With all of these models, you only need to set run_pretrained_classifier to True and then the model will save the classification outputs in the classification/original_classifier_outputs folder. Only predictions exceeding the classifier_threshold value will be saved. A csv file in the shape of the annotations.csv file is also saved corresponding to the class predictions. The dashboard will also contain an extra label_by option default_classifier.

Available models

The models all have their model specific code to ensure inference runs smoothly. More info on the models and their pipelines can be found here.

Models currently include:

Name	ref paper	ref code	sampling rate	input length	embedding dimension
AudioMAE	paper	code	16 kHz	10 s	768
AudioProtoPNet	paper	code	32 kHz	5 s	1024
AvesEcho_PASST	paper	code	32 kHz	3 s	768
AVES_ESpecies	paper	code	16 kHz	1 s	768
BEATs	paper	code	16 kHz	10 s	768
BioLingual	paper	code	48 kHz	10 s	512
BirdAVES_ESpecies	paper	code	16 kHz	1 s	1024
BirdMAE	paper	code	32 kHz	10 s	1280
BirdNET	paper	code	48 kHz	3 s	1024
Google_Whale	paper	code	24 kHz	5 s	1280
HumpbackNET	paper	code	2 kHz	3.9124 s	2048
Insect66NET	paper	code	44.1 kHz	5.5 s	1280
Insect459NET	paper	pending	44.1 kHz	5.5 s	1280
Mix2	paper	code	16 kHz	3 s	960
NatureBEATs	paper	code	16 kHz	10 s	768
Perch_Bird	paper	code	32 kHz	5 s	1280
ProtoCLR	paper	code	16 kHz	6 s	384
RCL_FS_BSED	paper	code	22.05 kHz	0.2 s	2048
SurfPerch	paper	code	32 kHz	5 s	1280
VGGish	paper	code	16 kHz	0.96 s	128

Click to see more details on the models

Name	paper	code	training	CNN/Trafo	architecture	checkpoint link
AudioMAE	paper	code	ssl + ft	trafo	ViT	weights
AudioProtoPNet	paper	code	sup l	CNN	ConvNext	included
AvesEcho_PaSST	paper	code	sup l	trafo	PaSST	weights
AVES_ESpecies	paper	code	ssl	trafo	HuBERT	weights
BEATs	paper	code	ssl	trafo	ViT	weights
BioLingual	paper	code	ssl	trafo	CLAP	included
BirdAVES_ESpecies	paper	code	ssl	trafo	HuBERT	weights
BirdMAE	paper	code	ssl	trafo	ViT	included
BirdNET	paper	code	sup l	CNN	EffNetB0	weights
Google_Whale	paper	code	sup l	CNN	EffNetb0	included
HumpbackNET	paper	code	sup l	CNN	ResNet50	weights
Insect66NET	paper	code	sup l	CNN	EffNetv2s	weights
Insect459NET	paper	pending	sup l	CNN	EffNetv2s	pending
Mix2	paper	code	sup l	CNN	MobNetv3	release pending
NatureBEATs	paper	code	ssl	trafo	BEATs	weights
Perch_Bird	paper	code	sup l	CNN	EffNetb0	included
ProtoCLR	paper	code	sup cl	trafo	CvT-13	weights
RCL_FS_BSED	paper	code	sup cl	CNN	ResNet9	weights
SurfPerch	paper	code	sup l	CNN	EffNetb0	included
VGGish	paper	code	sup l	CNN	VGG	weights

Brief description of models

All information is extracted from the respective repositories and manuscripts.

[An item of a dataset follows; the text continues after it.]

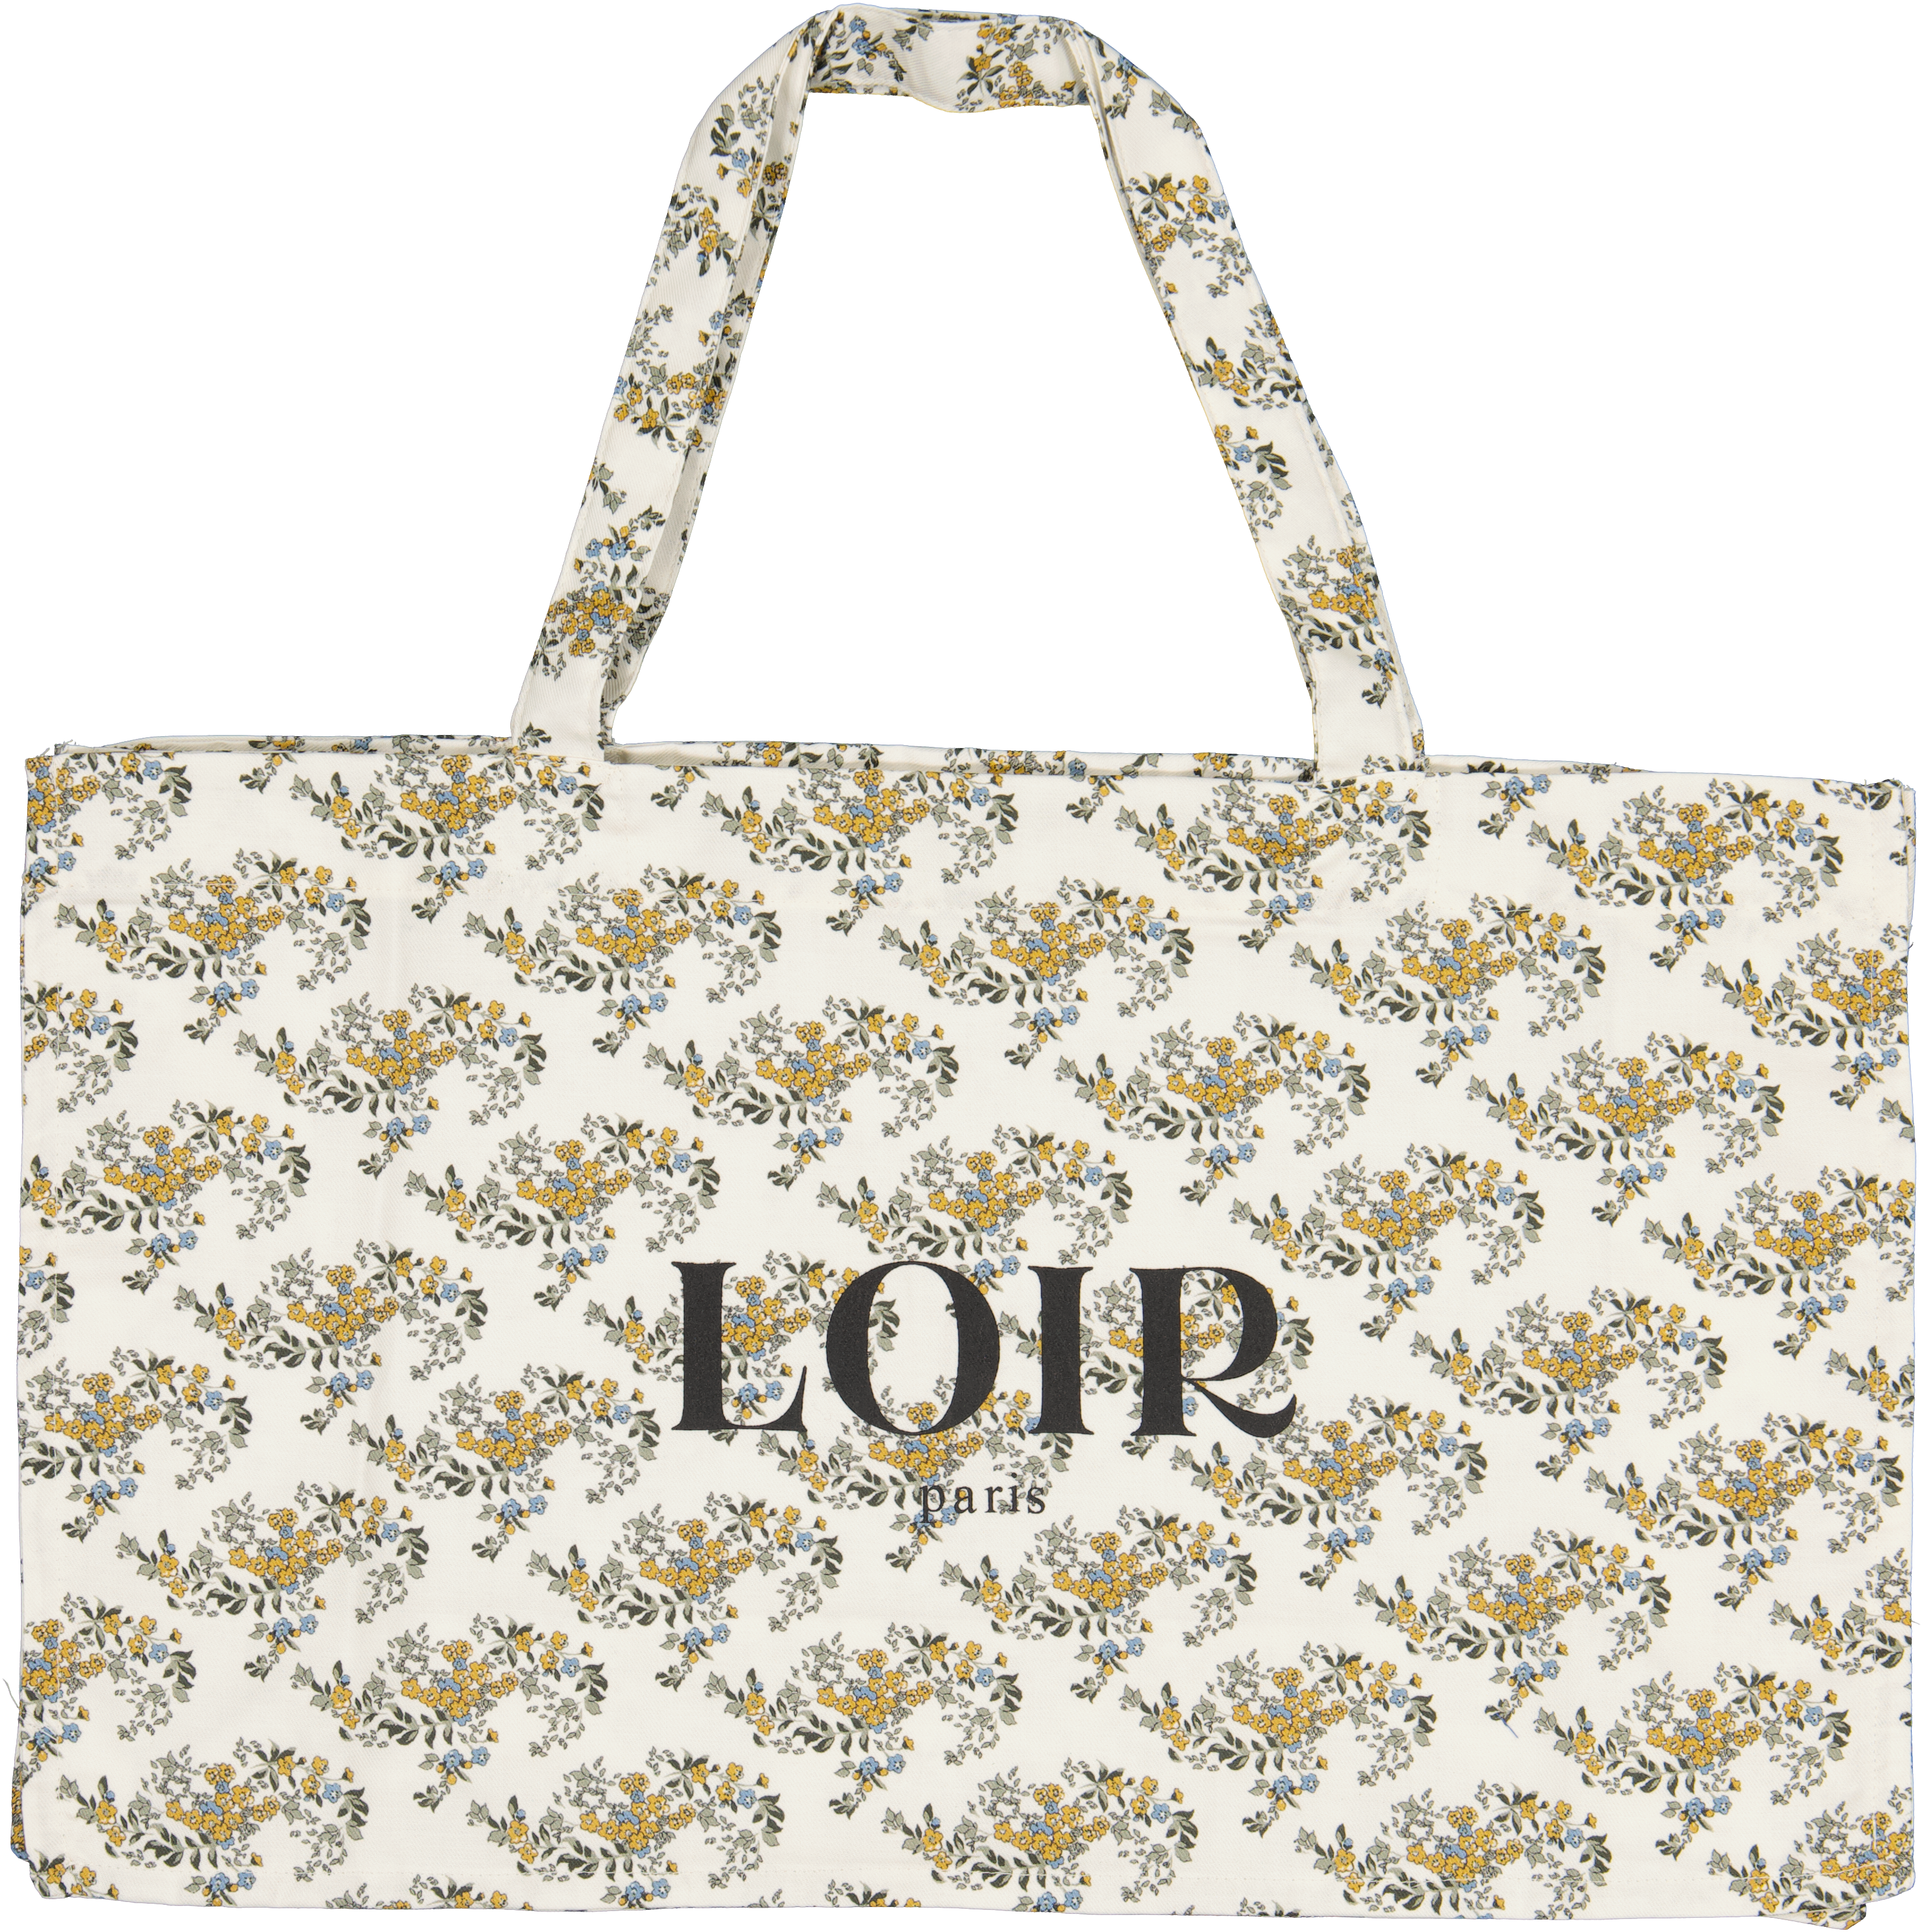 The LOIR Paris tote bag

Please refer to them for more details

AudioMAE

spectrogram input
self-supervised pretrained model, fine-tuned
vision transformer
trained on general audio

AudioMAE from the facebook research group is a vision transformer pretrained on AudioSet-2M data and fine-tuned on AudioSet-20K.

AudioProtoPNet

spectrogram input
supervised learning, trained using asymmetric loss
ConvNext architecture
trained on the xeno-canto large section of BirdSet

This CNN is trained in two phases. The main contribution of this model is its interpretability. It learned prototypes during its second training phase which can be used during inference time to visualize sections of the spectrogram that were most important for classification. It also reaches competitive performance on bird classification tasks. The (include) classifier can distinguish 9736 classes.

AvesEcho_PaSST

transformer
supervised pretrained model, fine-tuned
pretrained on general audio and bird song data

AvesEcho_PaSST is a vision transformer trained on AudioSet and (deep) fine-tuned on xeno-canto. The model is based on the PaSST framework.

AVES_ESpecies

transformer
self-supervised pretrained model
trained on general audio

AVES_ESpecies is short for Animal Vocalization Encoder based on Self-Supervision by the Earth Species Project. The model is based on the HuBERT-base architecture. The model is pretrained on unannotated audio datasets AudioSet-20K, FSD50K and the animal sounds from AudioSet and VGGSound.

BEATs

trafo
self-supervised learning
trained on AudioSet

BEATs is microsofts SotA audio model based on audio pre-training with acoustic tokenizers. The model reaches competitive results with many bioacosutic models in benchmarks for linear and attentive probing, and is therefore also included in bacpipe as a general audio baseline model.

BioLingual

transformer
spectrogram input
contrastive-learning
self-supervised pretrained model
trained on animal sound data (primarily bird song)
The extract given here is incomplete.